▸ WHAT YOU WILL DO: Within the material below, transcribe exactly the lines from the one holding "Mukammal Durood Shareef Likhna.jpg" through the one holding "划重点|武汉市落实疫情防控相关工作的六大看点图片", keeping both ends and skipping the rest.

▸ ENTRIES PROVIDED:
● ● ● ● ● ● ●

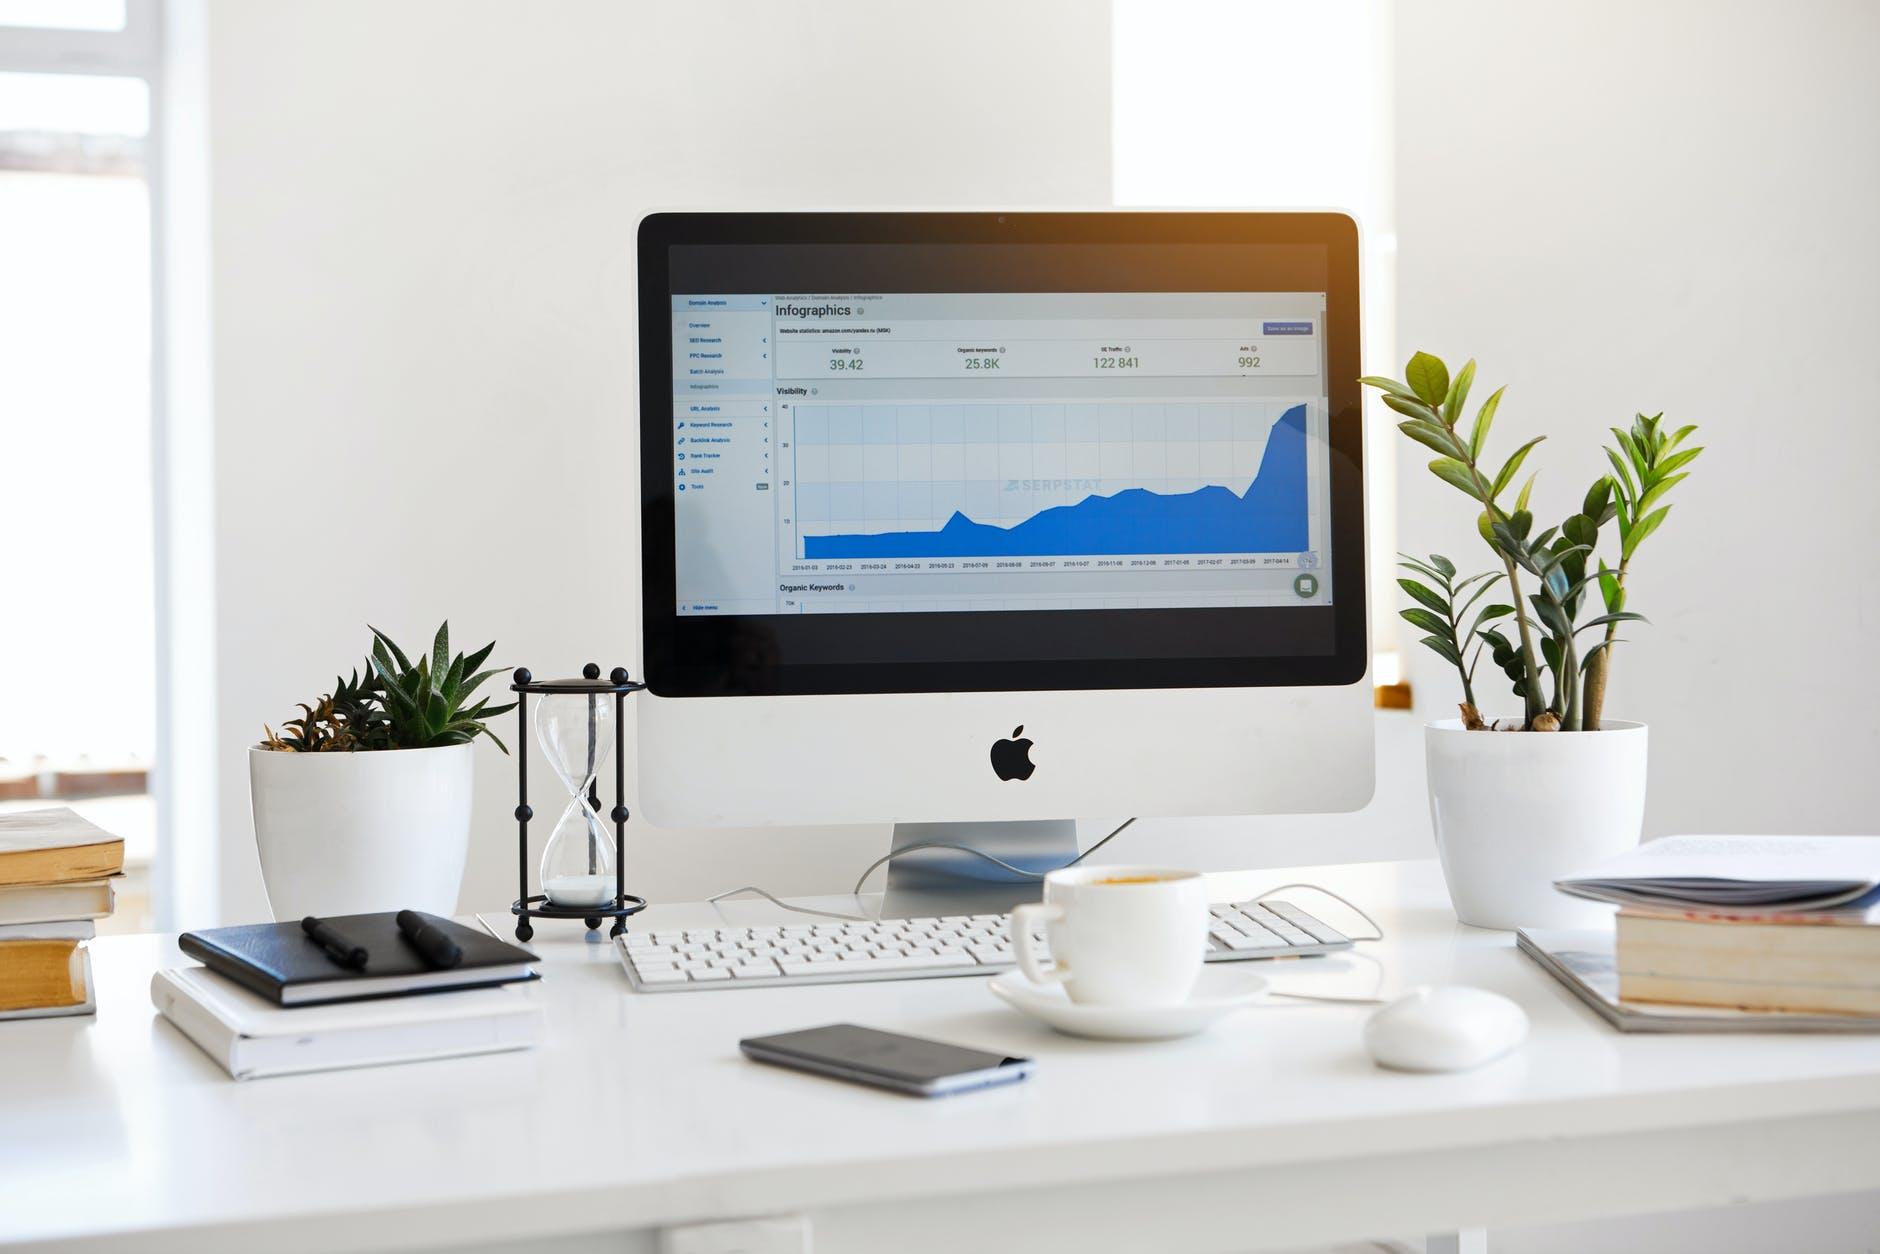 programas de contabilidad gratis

● ● ● ● ● ● ●

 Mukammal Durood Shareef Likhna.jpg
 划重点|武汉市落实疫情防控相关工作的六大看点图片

● ● ● ● ● ● ●

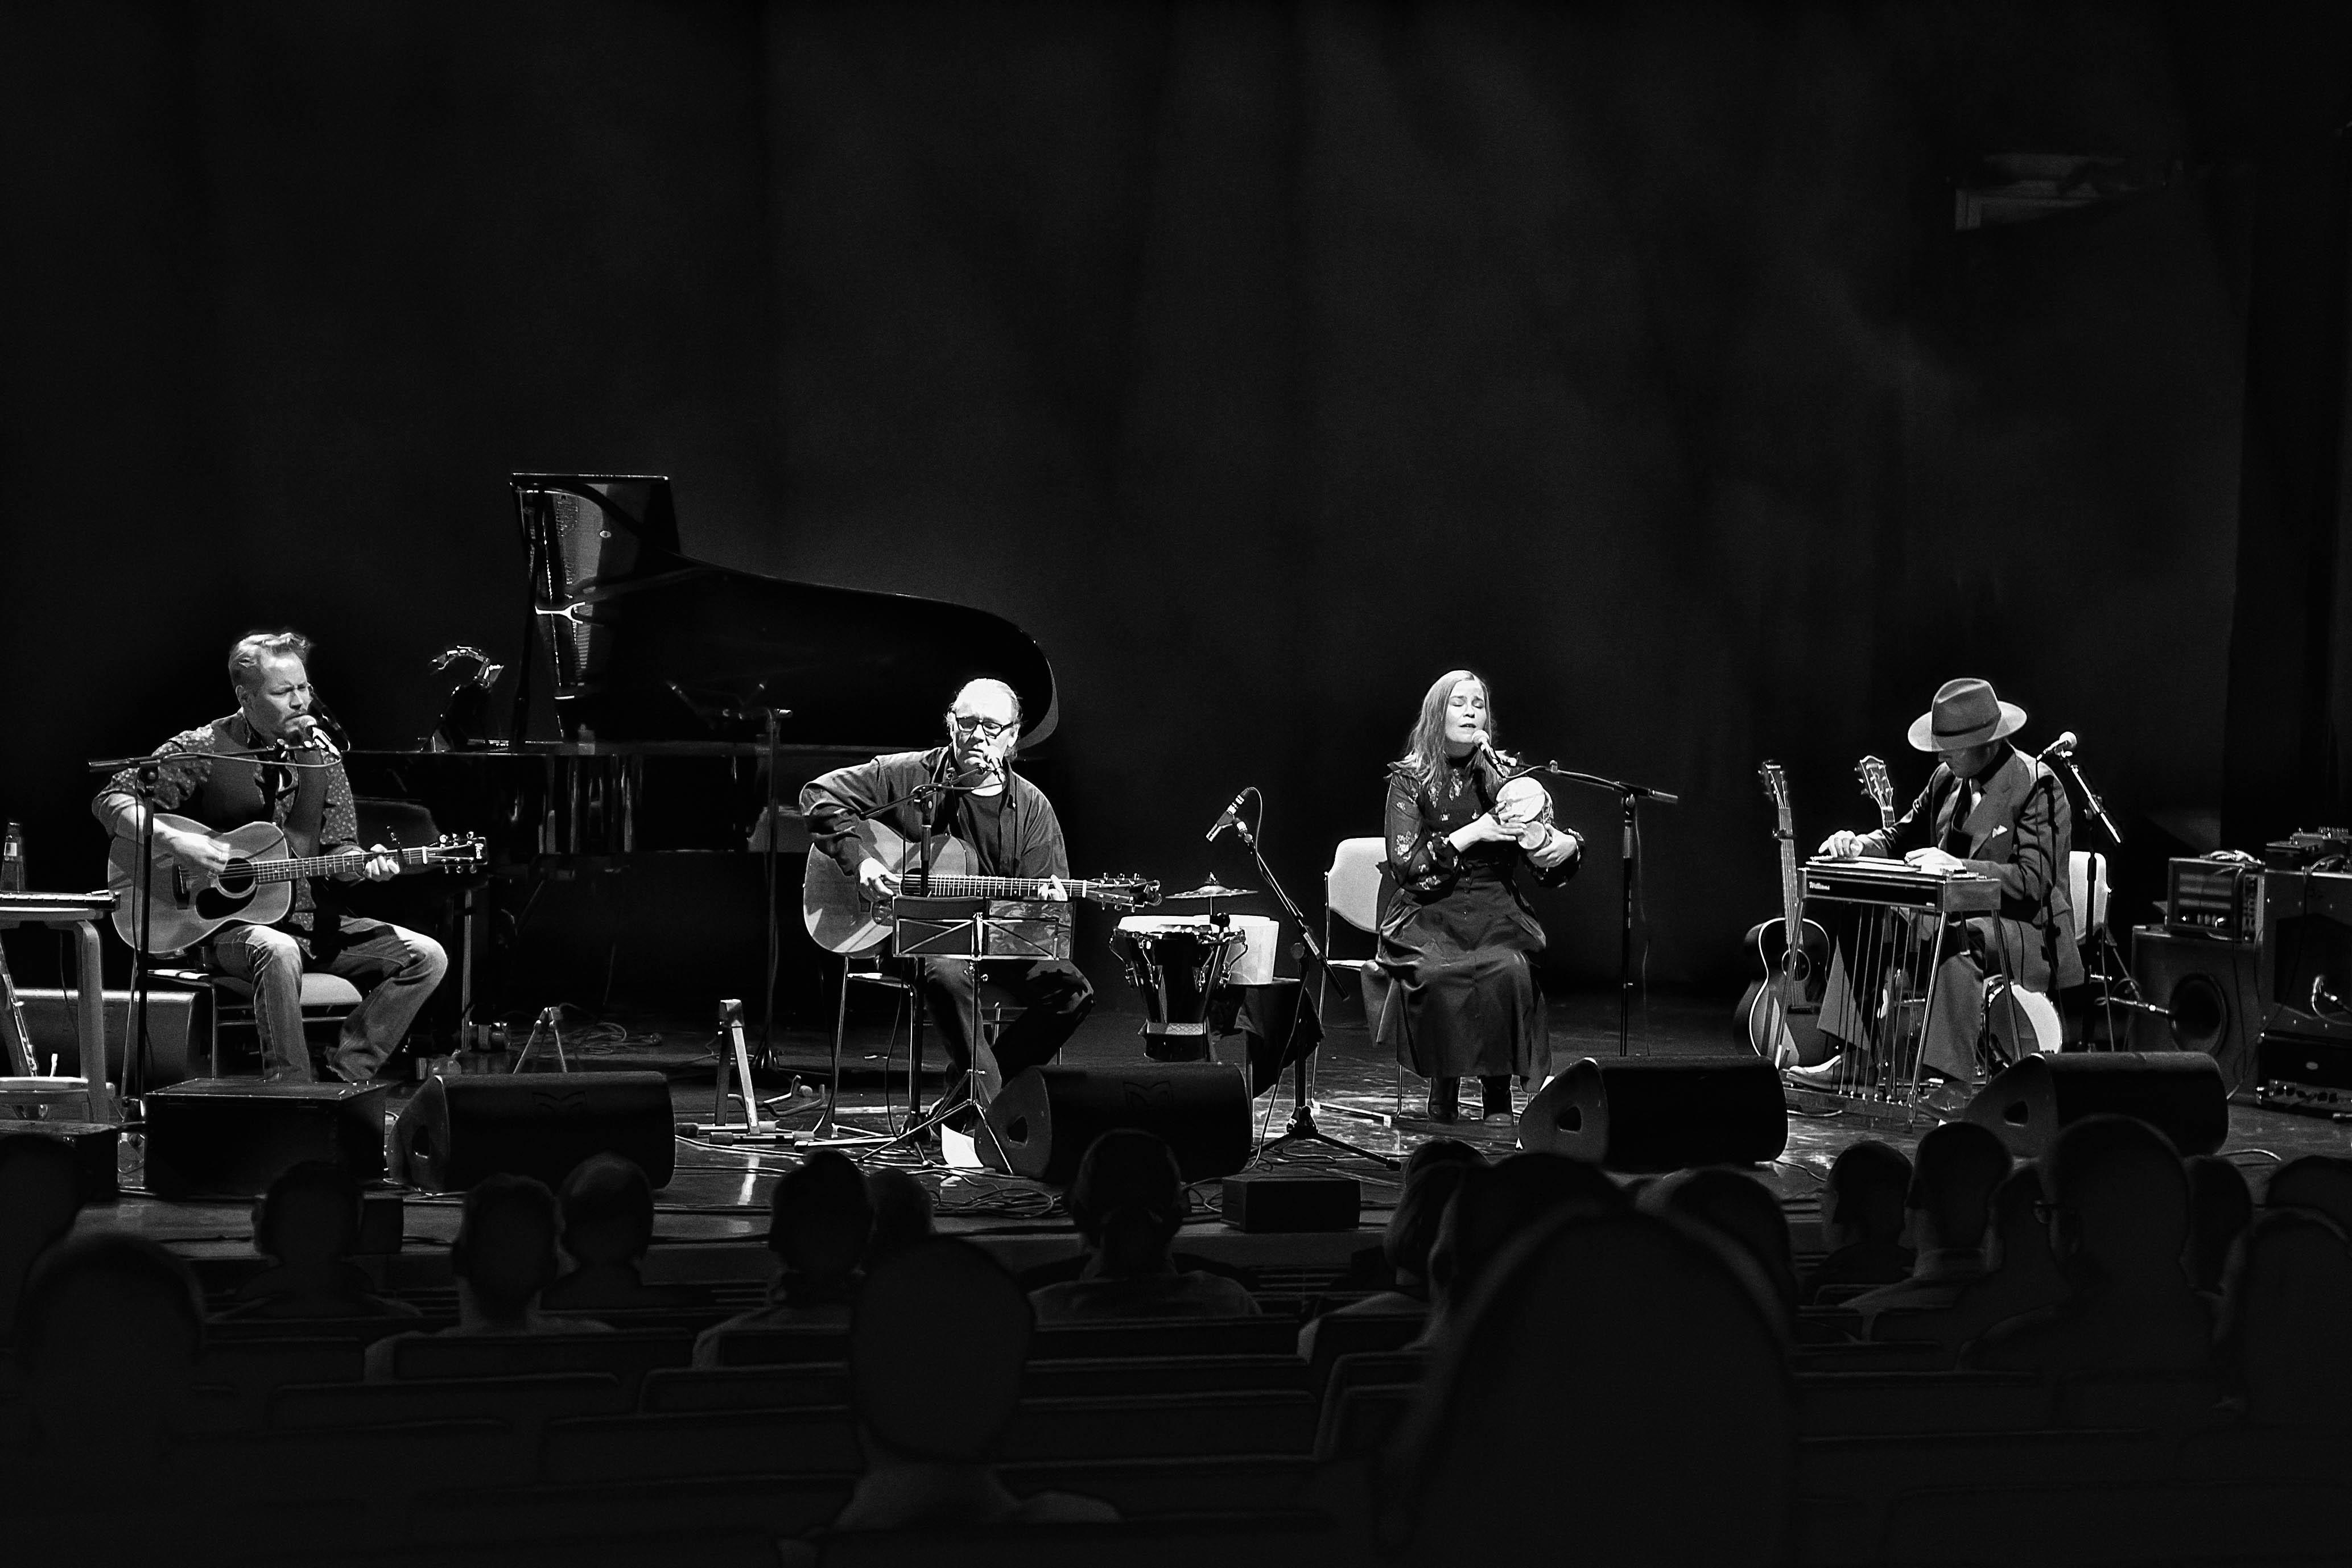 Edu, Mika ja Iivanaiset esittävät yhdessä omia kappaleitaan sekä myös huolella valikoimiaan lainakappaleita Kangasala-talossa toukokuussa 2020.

● ● ● ● ● ● ●

▸ OUTPUT FOR THIS TASK:
 Mukammal Durood Shareef Likhna.jpg
 划重点|武汉市落实疫情防控相关工作的六大看点图片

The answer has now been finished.